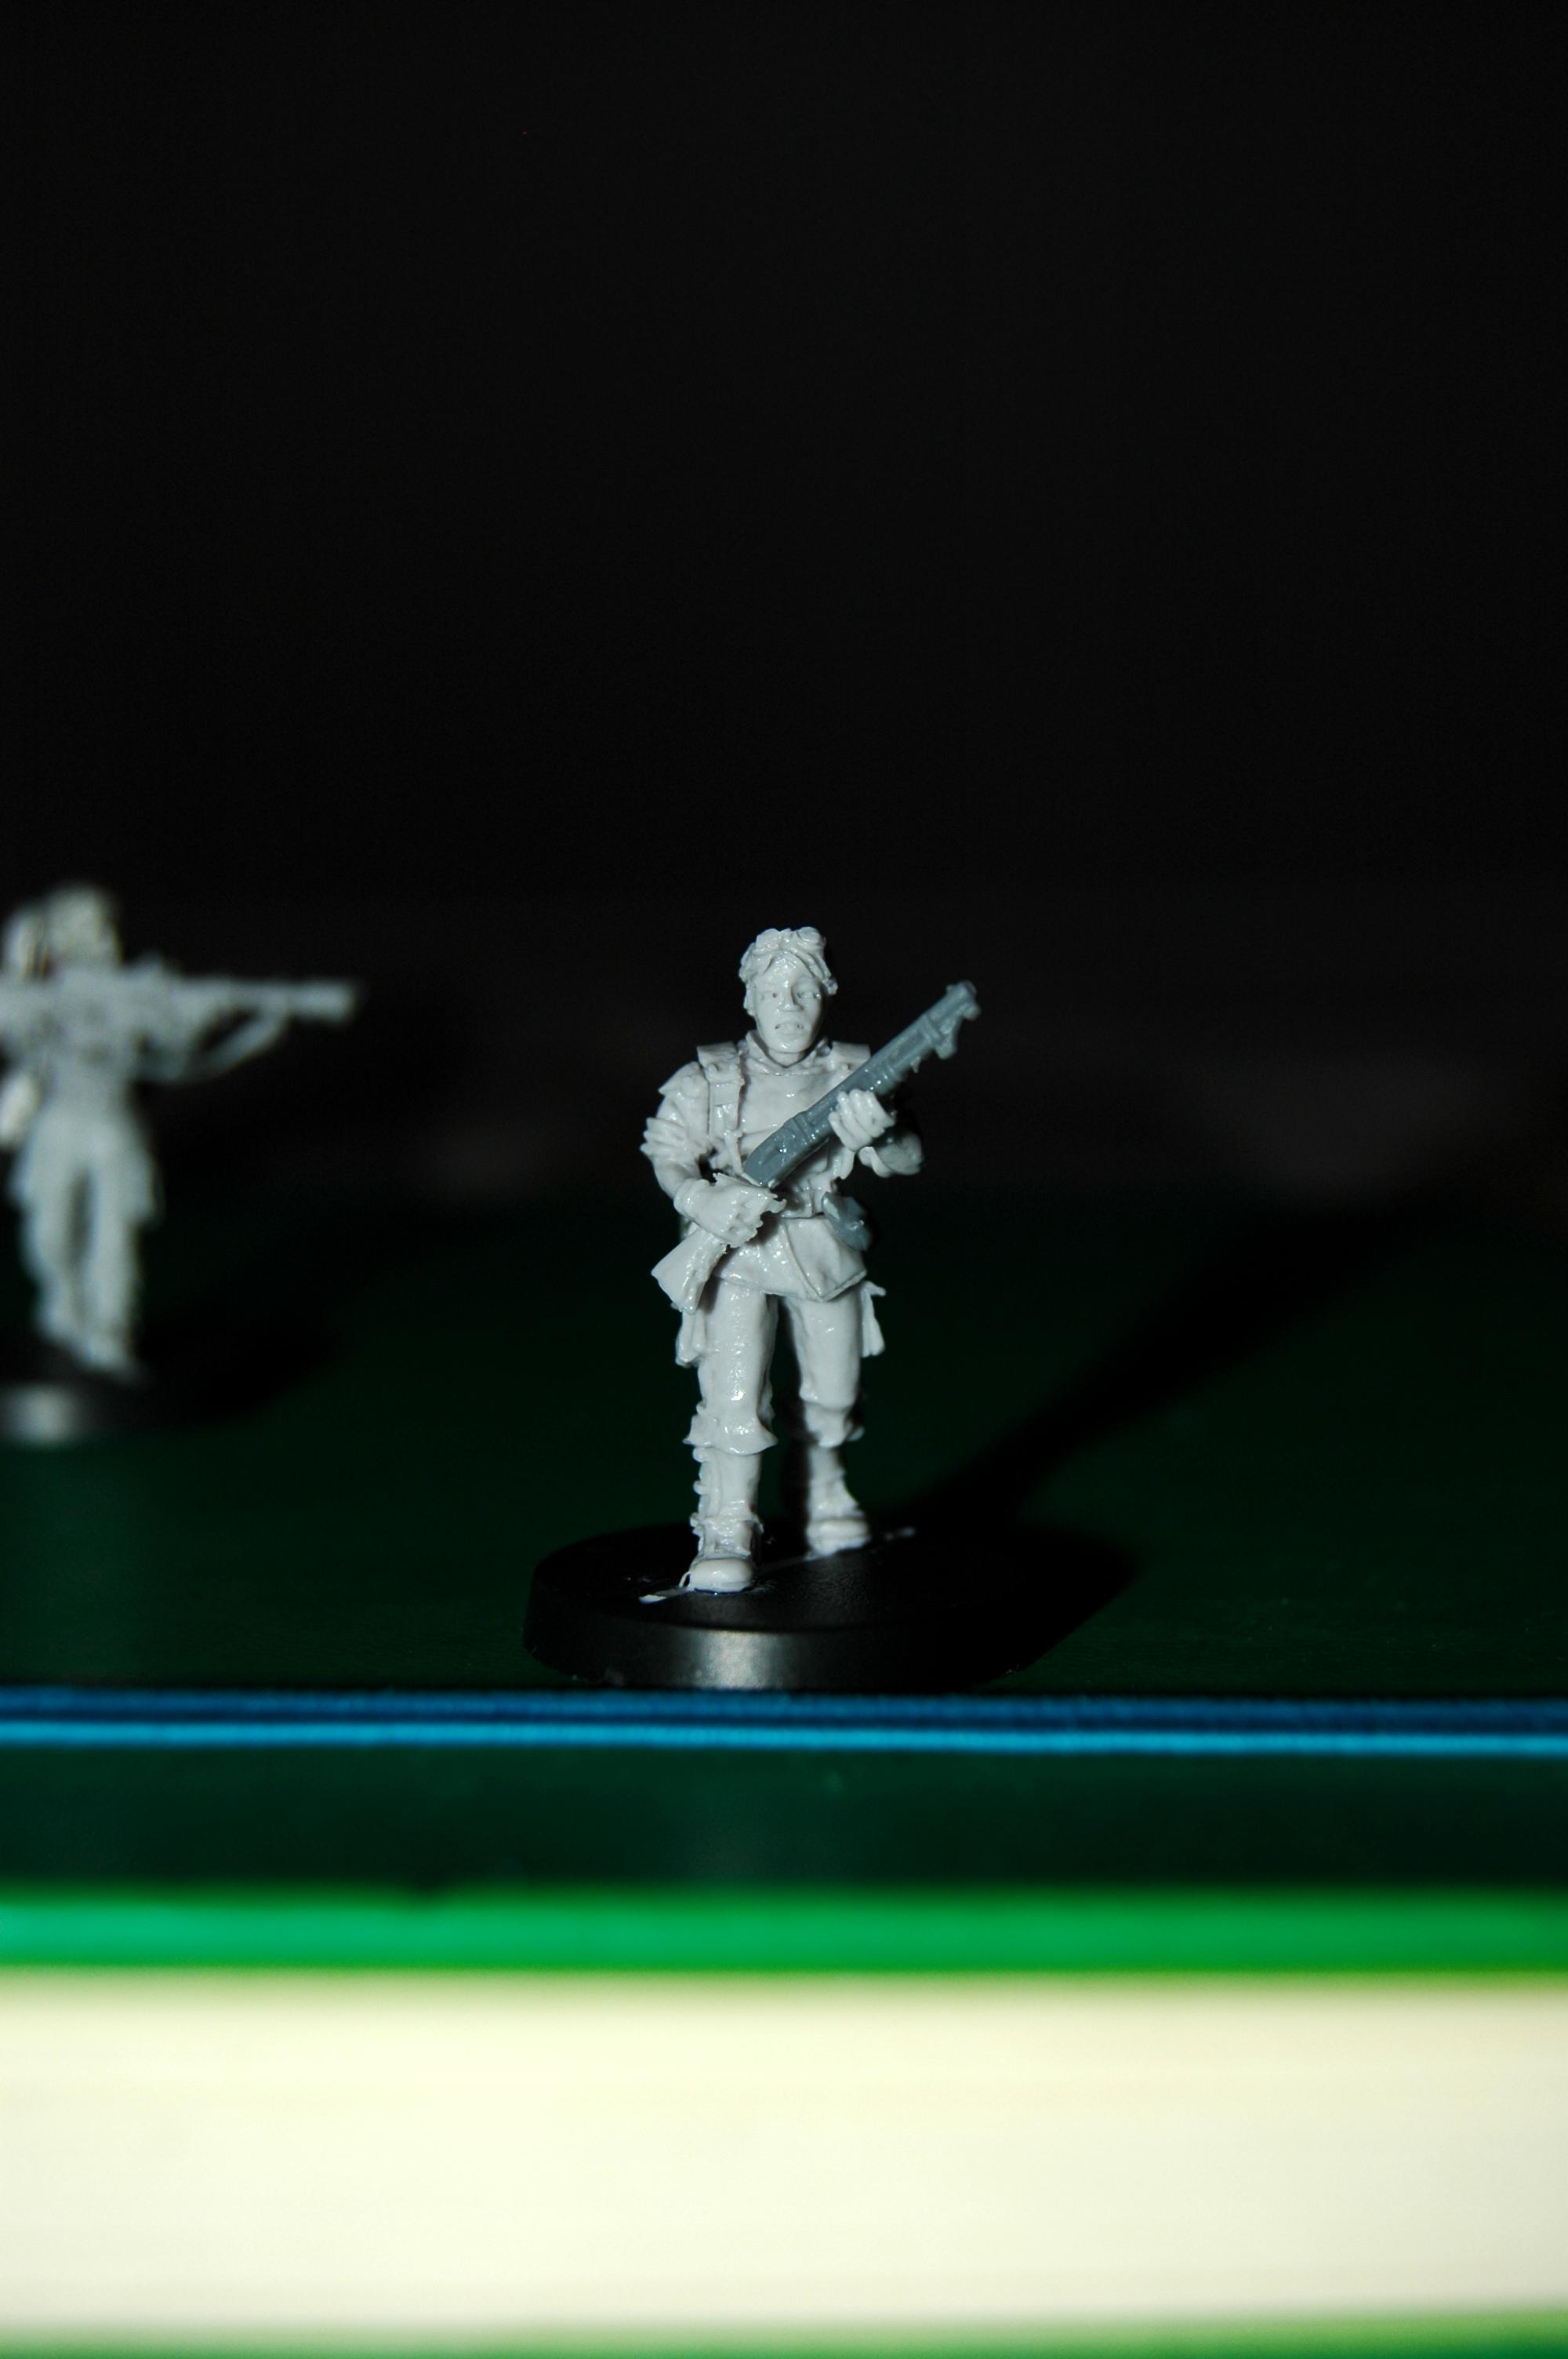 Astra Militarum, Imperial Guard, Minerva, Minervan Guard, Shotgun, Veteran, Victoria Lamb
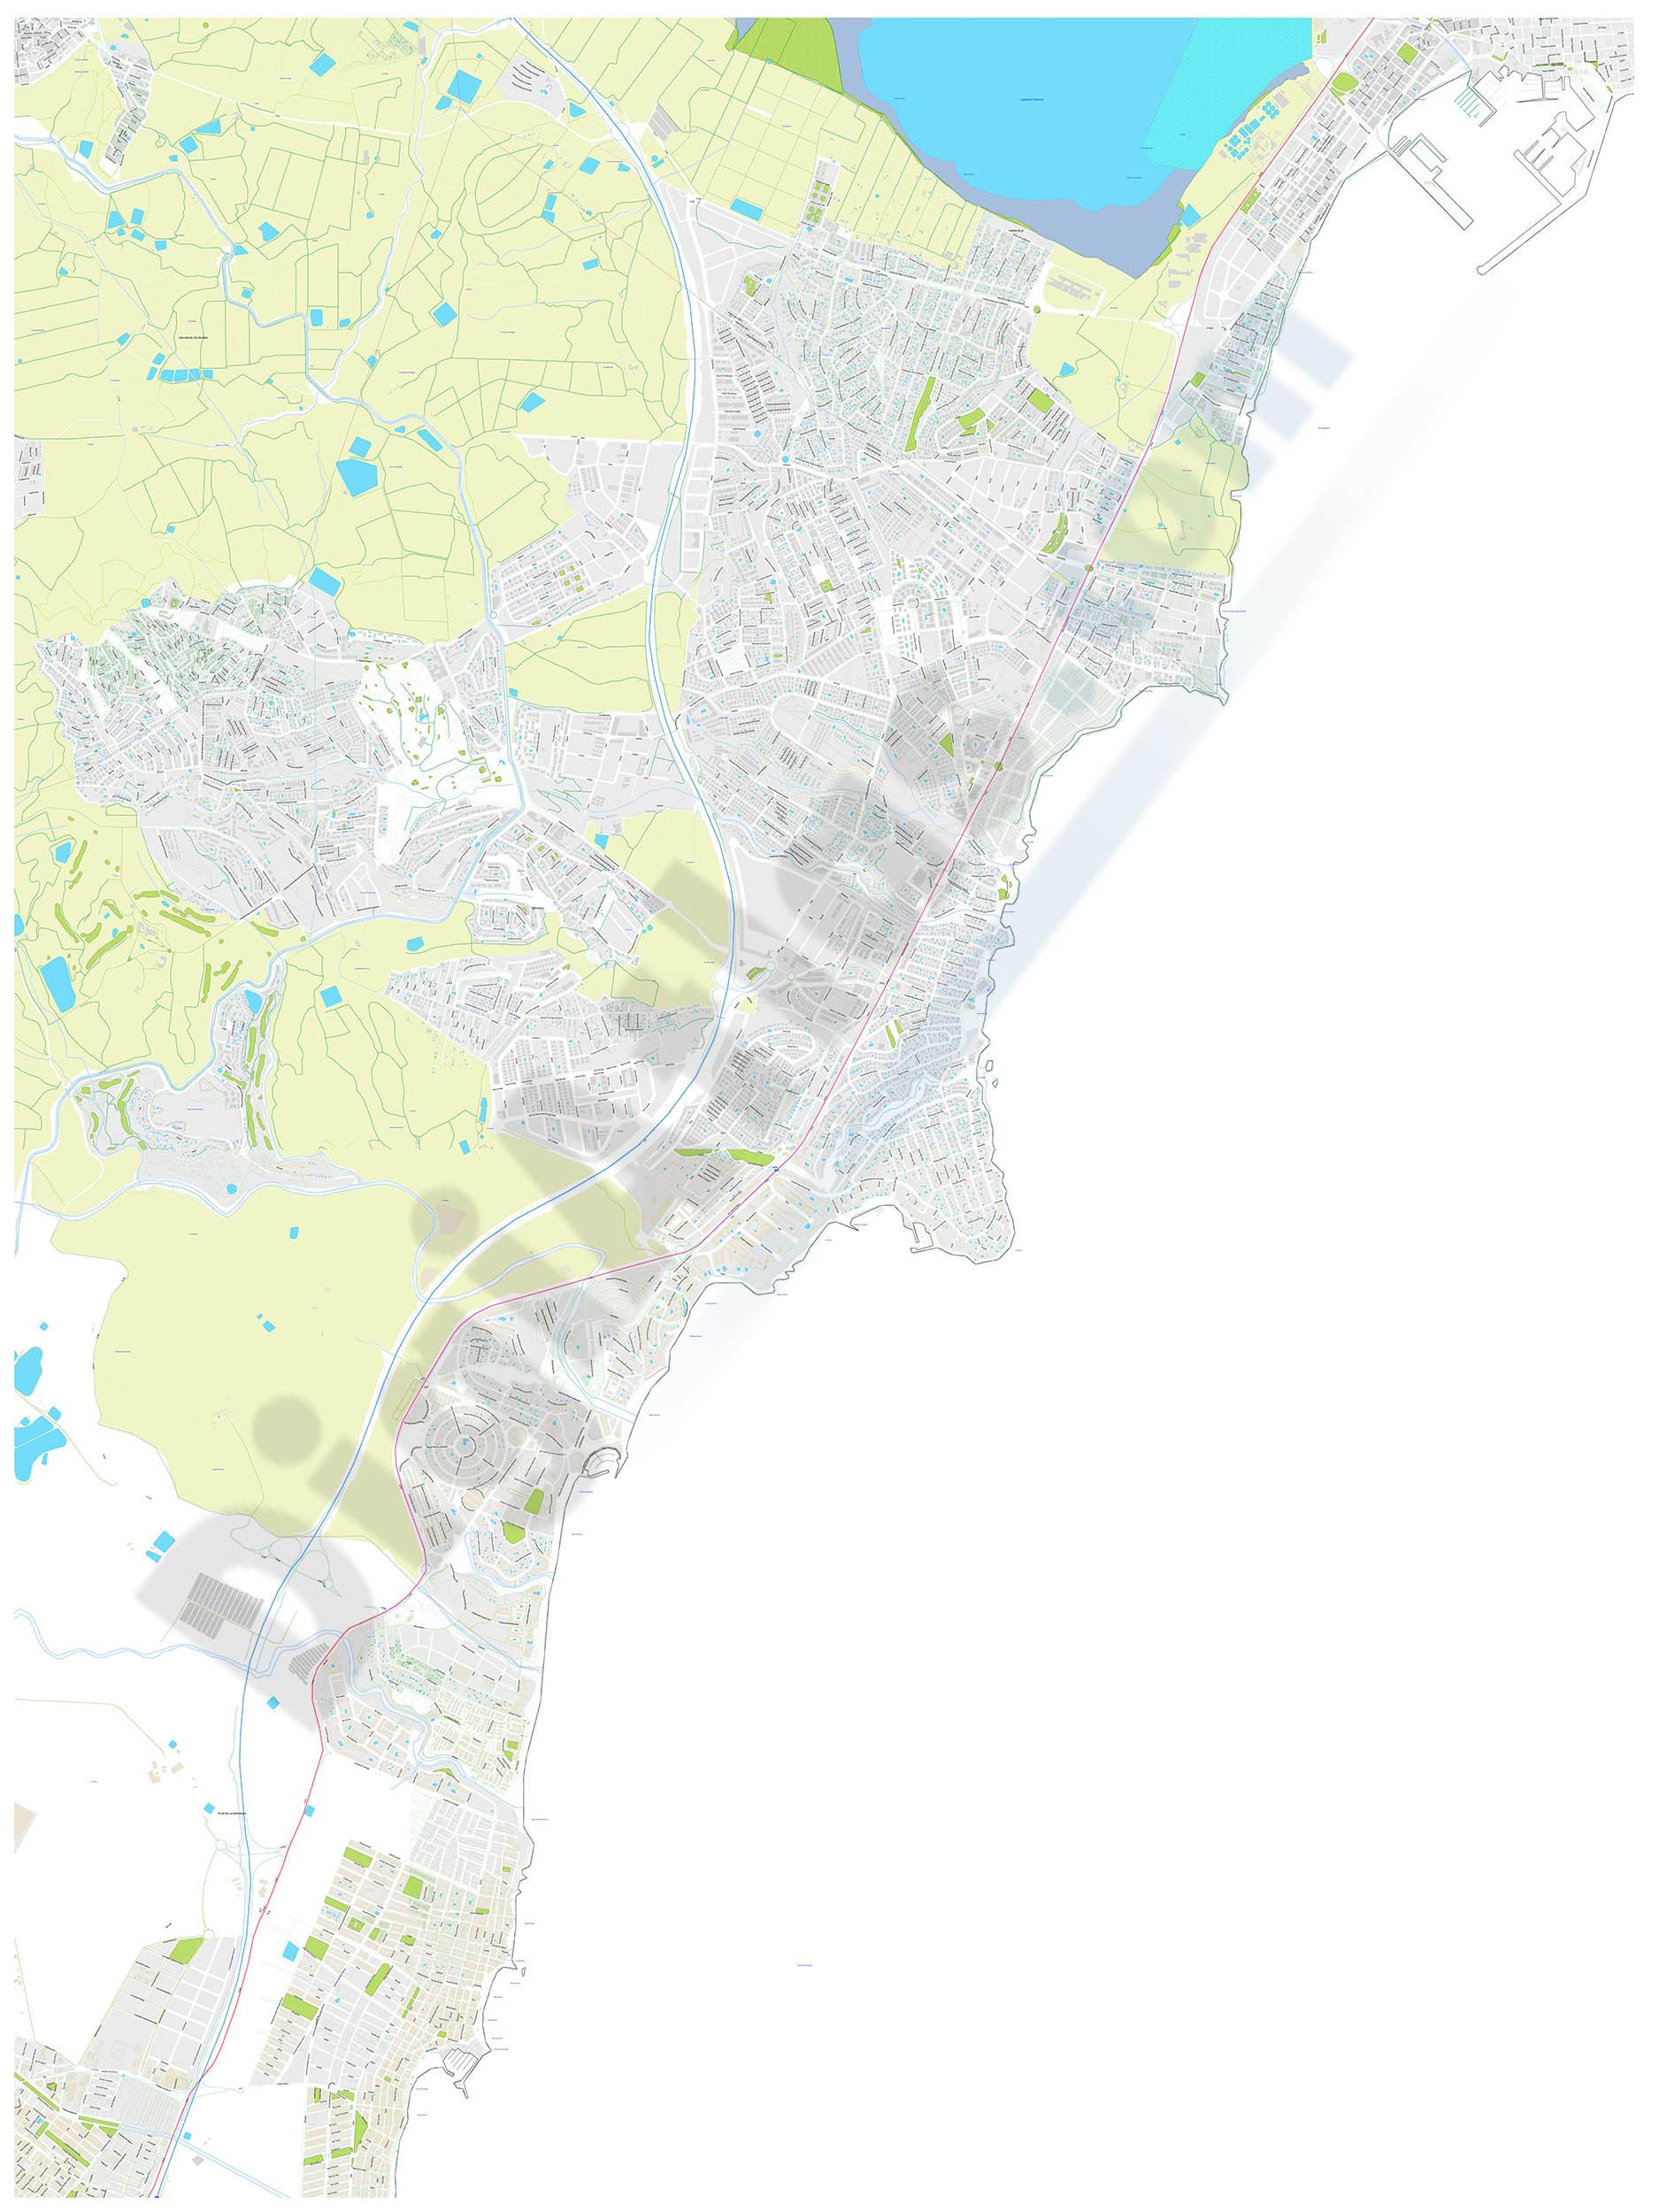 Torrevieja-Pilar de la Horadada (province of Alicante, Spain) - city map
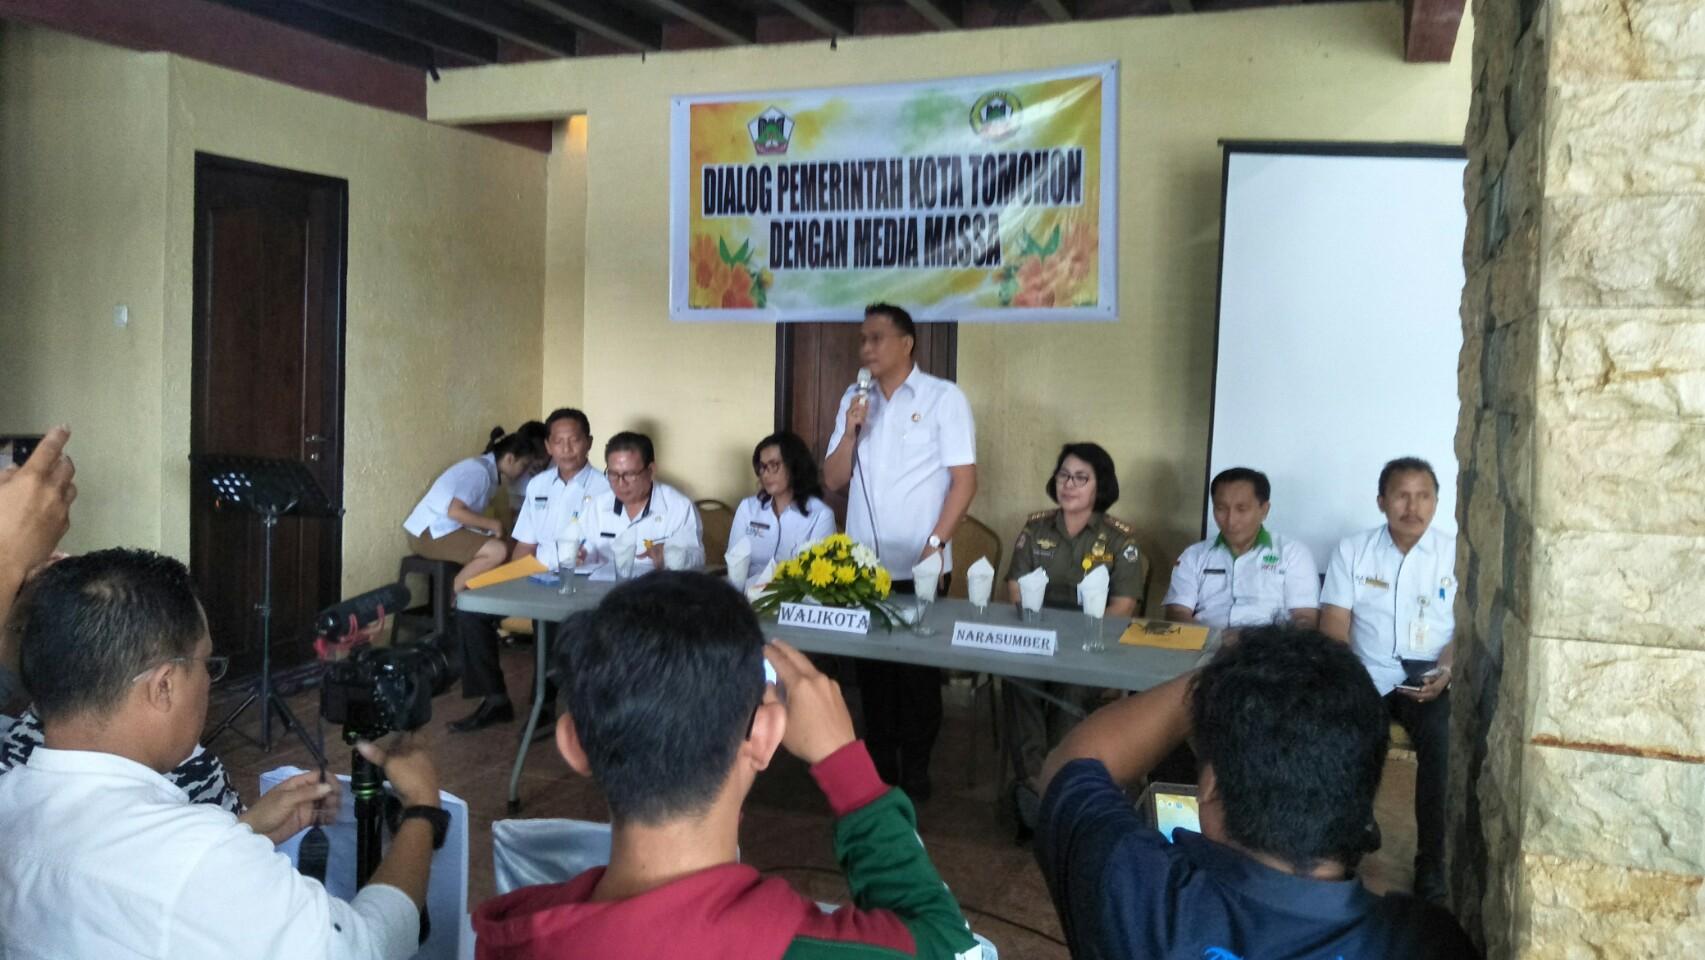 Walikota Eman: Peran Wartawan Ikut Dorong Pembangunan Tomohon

+-------+

◆ Assigned task
Once the images are dropped, set down the remaining material word for word.

◆ Solution for this task
 Astra Militarum, Imperial Guard, Minerva, Minervan Guard, Shotgun, Veteran, Victoria Lamb
 Torrevieja-Pilar de la Horadada (province of Alicante, Spain) - city map
 Walikota Eman: Peran Wartawan Ikut Dorong Pembangunan Tomohon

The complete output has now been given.